The last day of April dawned bright and sunny. Songbirds were warbling merrily; the purple lilac's heavy blossoms wafted a heavenly scent across the yard, and vied with the lavender azalea bush for beauty. It was a perfect spring day to be enjoyed to the fullest.
Daughter Patty called and suggested that we clean the cellar on such a fine day. By the time she got up to our house, I had another idea. "I would love to go up Hick's Holler," I suggested. It is not far from our house, and has always been one of my favorite places. I hadn't been there for a long time, due to my numerous physical problems.
Criss wasn't here (he always puts a damper on my plans, saying I'm not able) so Patty harnessed up the 4-wheeler (RV) and we piled on -- three little girls, Patty, Minnie Dog, and me. Fortunately, Criss had built a dog crate on the front of the vehicle, and two little girls rode there. Minnie Dog was squeezed between Patty and me, and one little girl hung on behind.
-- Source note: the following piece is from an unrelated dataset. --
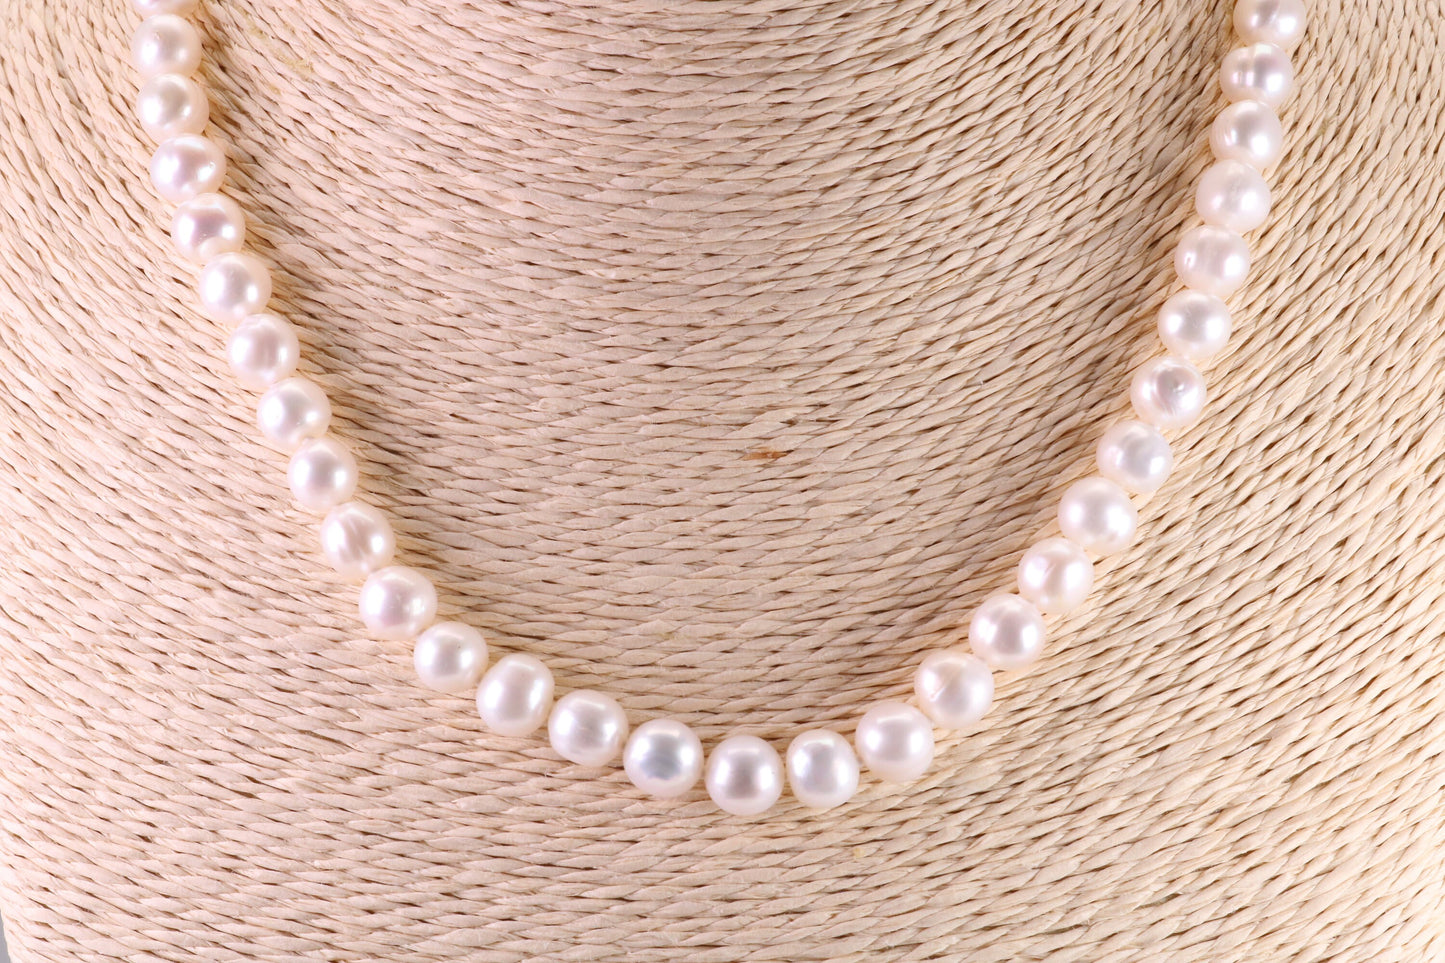 25 Inches Long Single Strand Natural 8 mm Round Pearl Necklace set in Silver
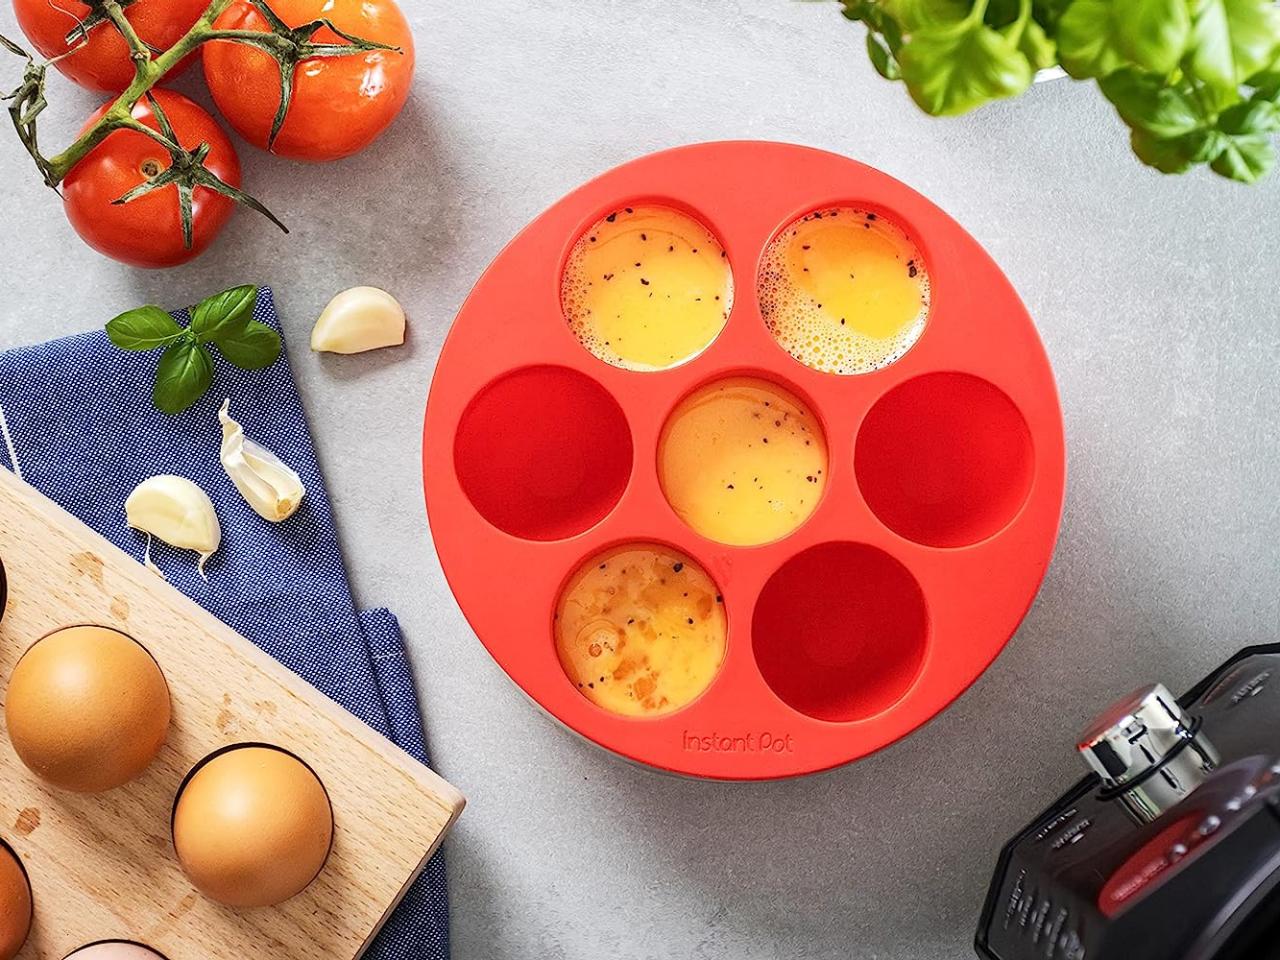 https://food.fnr.sndimg.com/content/dam/images/food/products/2023/7/17/rx_instant-pot-official-silicone-egg-bites-pan-with-lid.jpeg.rend.hgtvcom.1280.960.suffix/1689613037624.jpeg

Hick's Holler has always been a magical place. As soon as we skirted the meadow, we entered a shaded glade that was far removed from everyday living. At one time there was a house and a family lived there, but even the old chimney is obliterated. It is a paradise of wild flowers, and numerous woodsy plants thrive there. Roscoe, our squirrel dog, had followed us and immediately treed a squirrel. Minnie was so excited that she ran uphill and down, while the little girls were fascinated by all the wildflowers. They found a dry land terrapin (which we always called a "torpin," and insisted on bringing it home.
Spring beauties were wide spread, their tiny pink flowers scattered all over the ground. This is also locally called "tanglefoot" and makes excellent early greens. Several varieties of violets grew in clumps along the little branch, which flowed down the holler-long-spurred, pale blue ones, the common blue (though I wonder why it is called "common" -- they are beautiful.) There were the delicate white violets with their exquisite perfume, and the downy yellow ones.
This woodsy little glade was crammed full of nature's beauty. Star chickweed, wood anemones (or windflowers, so-called because they tremble in the slightest breeze) and common fleabane flaunts its daisy-like flowers. Golden ragwort is rampant, not only here, but all over the meadows. It was a serene, quiet place; the silence broken only by bird song and the chatter of little girls.
I could have stayed there longer, but the girls got restless -- Lainee was "thusty;" Maddy was tired and wanted to go home. She kept calling for "Pookey" -- which is what the girls call Patty. Only Adrianna was supremely content. She announced, "The woods are my home!"
Patty found a few morels while I picked a mess of "wood" lettuce. I'm sure it has another name, but that's what Mom always called it. I bypassed the tanglefoot -- those spring beauty flowers were too pretty to uproot. I brought the wood lettuce home and wilted it with hot bacon grease and vinegar -- it was rollickin'!
Of course the cellar sat there reproachfully, but when it comes to decision to clean or forage in the woods, it's no contest. This is such a green and growing time, it's a shame not to take advantage of it. The fiddlehead ferns are already too big to harvest, and the redbud flowers are fading. These little flowers are quite tasty sprinkled on a salad. It was a fruitful day. And -- the girls found two more box turtles, which they brought home.
Poppaw will be so happy!
We've gotten a lot of good feedback from previous articles, and I need to share some of them. Gordon Parker of Elkview writes that when they lived in Roane County, he helped his mother gather dandelion greens. Sometimes she mixed them with chopped green onions and wilted them with bacon grease. The rest of the menu consisted of pinto beans, fried potatoes and corn bread. He added "I miss that!"